Hal itu dipaparkan langsung Bambang saat menghadiri acara Diskusi Panel dengan Tema Menyongsong Revolusi Industri 4.0 melalui Pelatihan Vokasi: Perkuat Daya Saing Sumber Daya Manusia (SDM) di Ruang Tripartit Kemnaker, Jakarta, Senin (23/9/2019).
“Saat ini ada 136,18 juta angkatan kerja Indonesia. Sebesar 129,36 juta atau 94.99 persen di antaranya bekerja. Namun, ada 6,82 juta atau 5,01 persen lainnya masih menganggur. Angka penganggur tersebut menurut sebesar 50.000 orang dari tahun sebelumnya,” ujar Bambang.
Baca juga: Kemnaker: Pelatihan Vokasi Diperlukan untuk Hadapi Revolusi Industri 4.0
Meskipun demikian, lanjutnya, Indonesia tidak boleh berpuas diri dengan penurunan angka pengangguran tersebut.
“Masih banyak pekerjaan yang harus dikejar. Salah satunya adalah tantangan kedua ketenagakerjaan Indonesia, yakni bonus demografi di masa mendatang,” ujar Bambang.
Menurutnya, harus ada upaya dari negara untuk melakukan investasi di bidang-bidang tertentu untuk memaksimalkan bonus demografi.
“Pertama, bidang kesehatan untuk mendukung lahirnya anak-anak sehat dan kuat, bidang pendidikan dan keterampilan guna mendorong kualitas anak bangsa, serta bidang ketenagakerjaan,” jelas Bambang.
Baca juga: Jurus Jitu Kemnaker Sambut Bonus Demografi 2020
Iklim ketenagakerjaan haruslah fleksibel. Selain itu bidang ini pun mesti merespons perkembangan tren terkini terkait industri.
“Jangan sampai bonus demografi ini berubah menjadi bencana demografi karena ketidaksiapan negara dalam memanfaatkan momen,” imbuhnya.
Tantangan ketiga, lanjut Bambang, adalah hadirnya era revolusi industri 4.0. Era ini diakuinya memiliki perubahan yang eksponensial yang banyak mengubah karakter bangsa.
Adapun karakter yang dimaksud adalah karakter bermasyarakat, bernegara, dan industri.
Untuk melakukan transformasi pasar kerja yang dinamis, pemerintah harus menyusun rencana transformasi per sektor.
Ambil contoh sektor industri otomotif. Meskipun saat ini Indonesia sudah bisa memproduksi mobil, tapi ke depannya akan tidak relevan secara terus-menerus. Sebab, di masa mendatang mobil konvensional akan tergantikan oleh mobil listrik.
Wakil Kepala Umum Kamar Dagang dan Industri Indonesia (KADIN) Bidang Ketenagakerjaan dan Hubungan Industrial, Antonius J. Supit sependapat dengan ungkapan Bambang.
Industri revolusi 4.0 di satu sisi dinilai bisa meningkatkan valuasi perusahaan, terutama perusahaan startup. Namun, di sisi lainnya bisa menantang pola bisnis tradisional.
“Contohnya adalah department store asal Amerika Serikat, Walmart. Pada 2010 Walmart memiliki 4.263 toko di 15 negara. Pada tahun yang sama, Alibaba melalui Taobao.com pun go international,” ungkap pria yang akrab disapa Anton.
Baca juga: JDIH Kemnaker Raih Penghargaan Tingkat Kementerian
Kendati demikian, tujuh tahun kemudian Alibaba bisa menyalip jumlah toko yang dimiliki Walmart secara drastsis.
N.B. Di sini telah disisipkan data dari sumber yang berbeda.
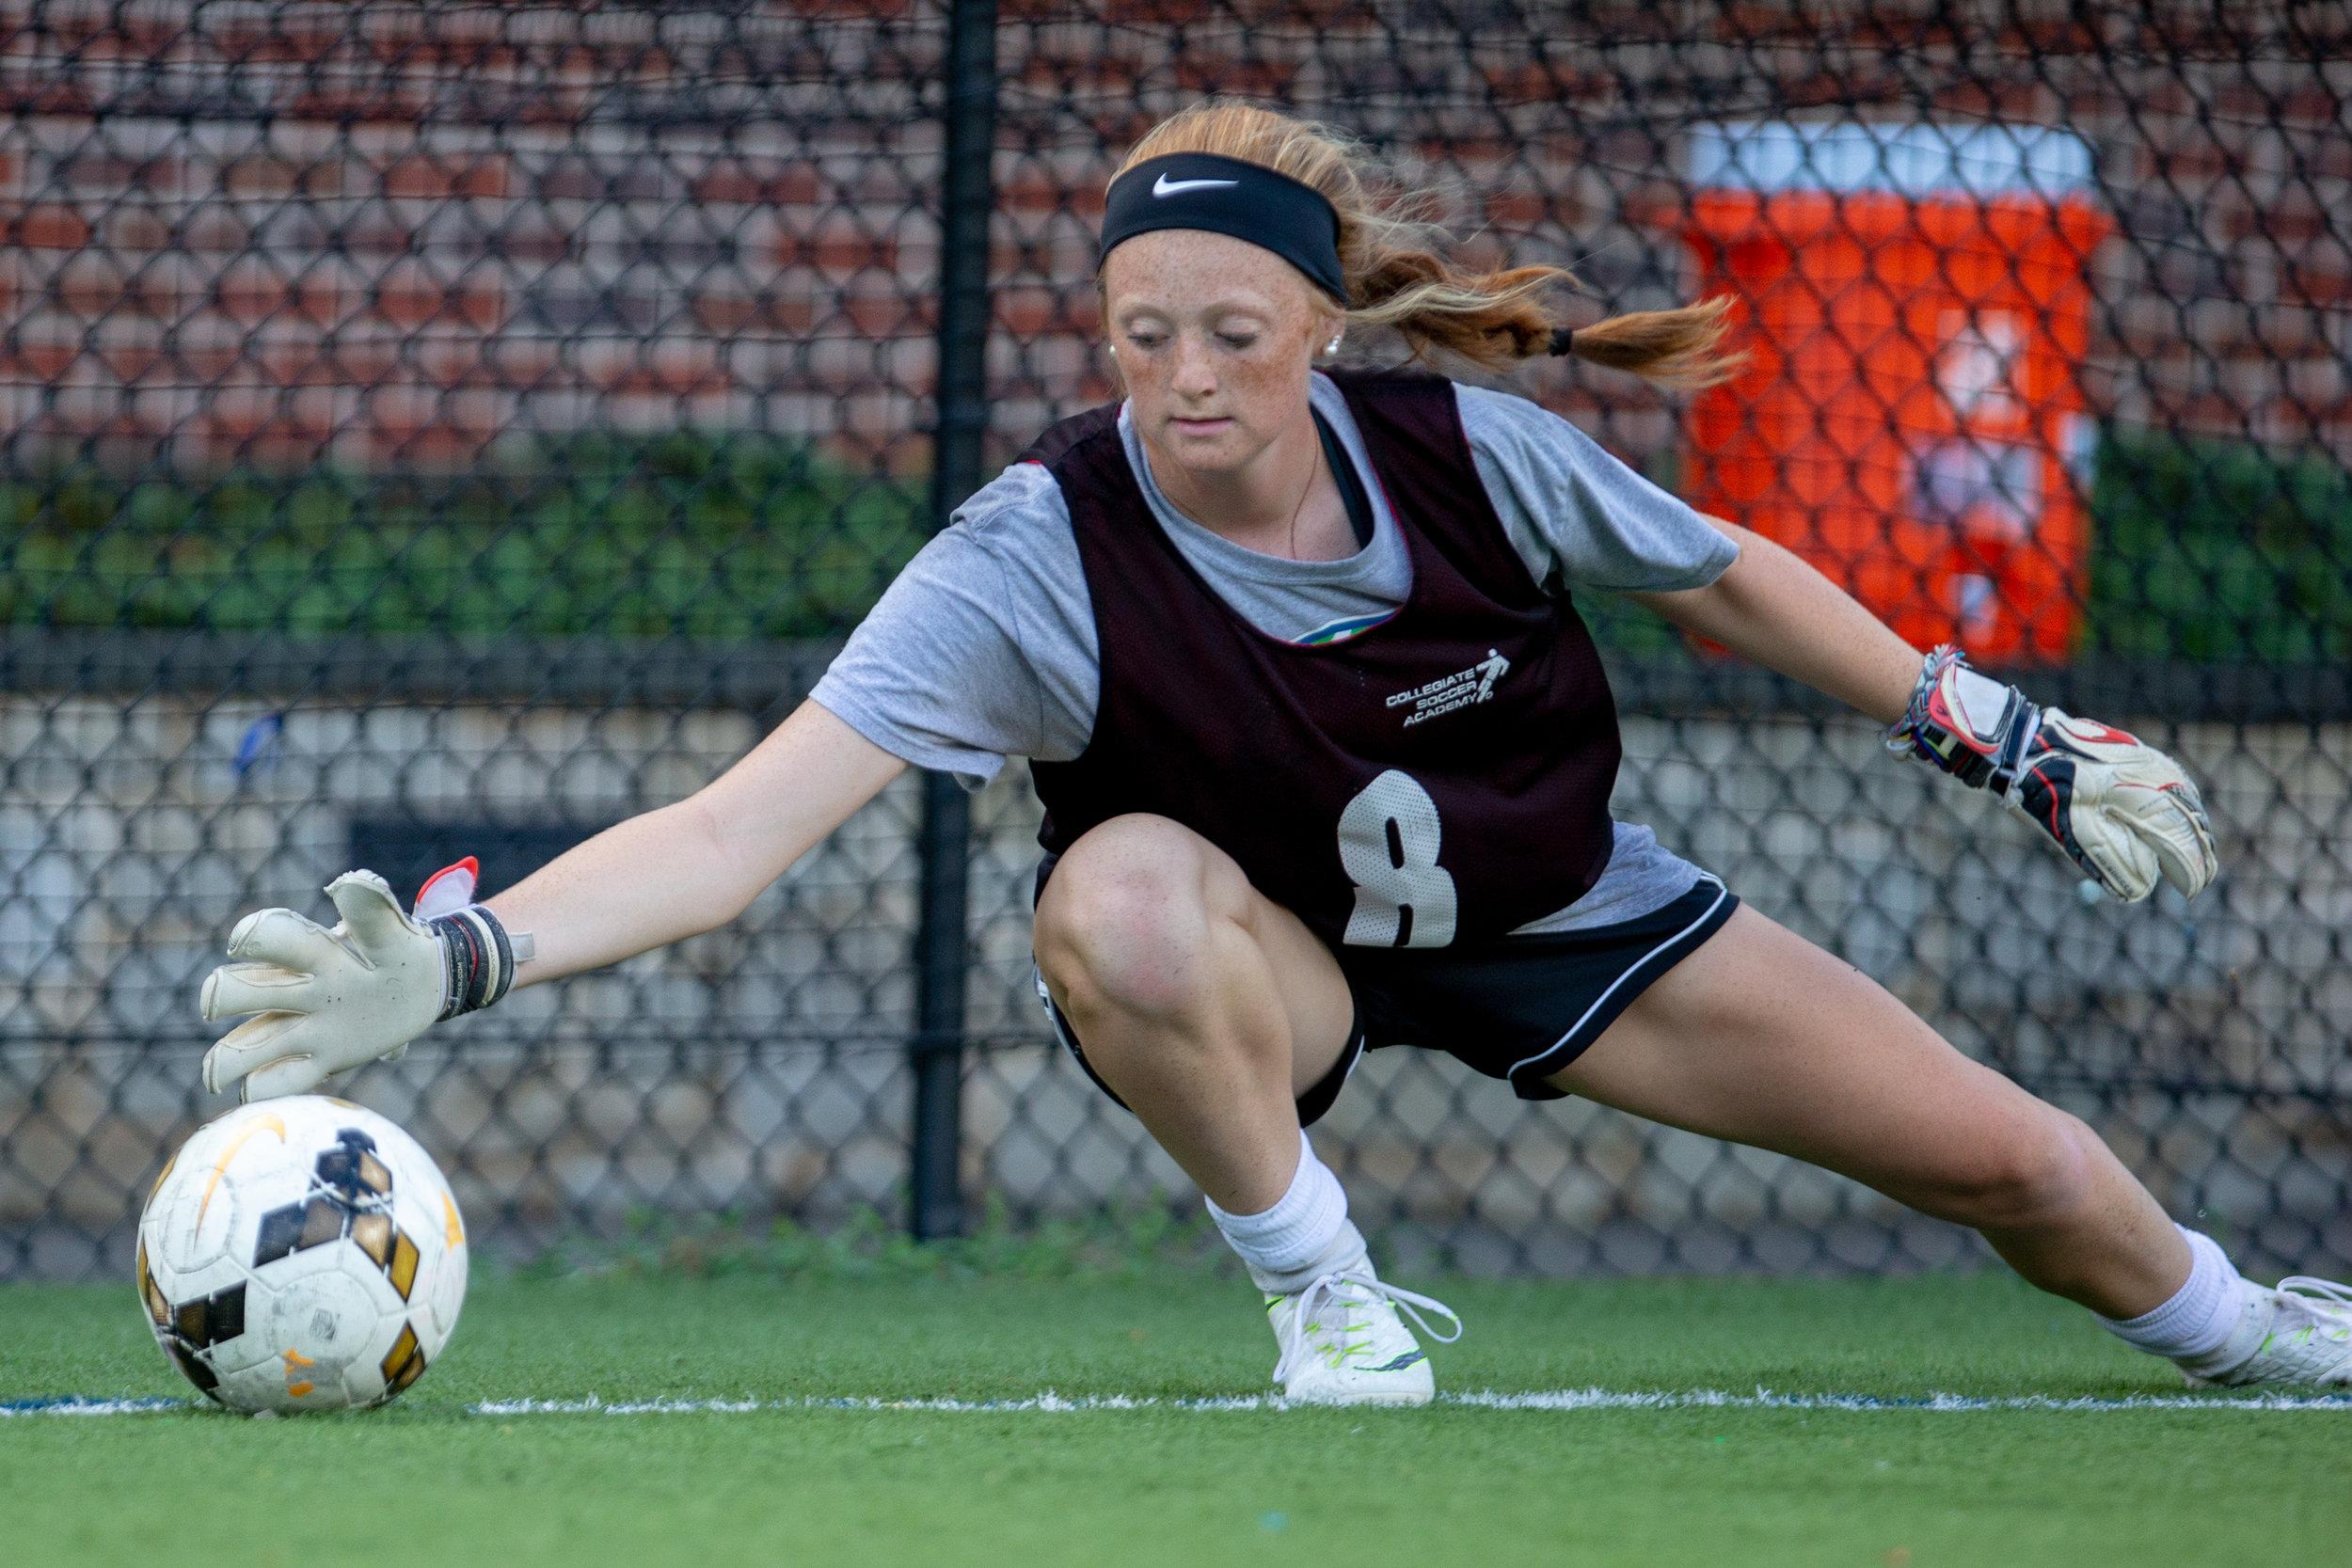 Female saves ball in Newton, Massachusetts

Pada 2017 tercatat ada 11.718 toko Walmart di 28 negara. Sangat berbeda jauh dengan Alibaba yang memiiki 9 juta merchants di 220 negara pada tahun yang sama.
“Ini seakan menjadi alarm bagi kita untuk segera mengikuti model bisnis industri 4.0 jika tak ingin tertinggal,” ujar pria yang juga menjabat sebagai Ketua Komite Pelatihan Vokasi Nasional ini.
Oleh karena itu, pelatihan vokasi bisa menjadi salah satu kunci untuk meningkatkan kualitas SDM bangsa. Adapun target utama pelatihan vokasi ini adalah kelas pekerja yang masih memiliki tingkat kompetensi rendah.
Selain itu, masyarakat rentan (pengangguran muda, korban pemutusan hubungan kerja (PHK), janda, yatim, dan kaum difabel) juga menjadi target utama dalam pelatihan vokasi ini.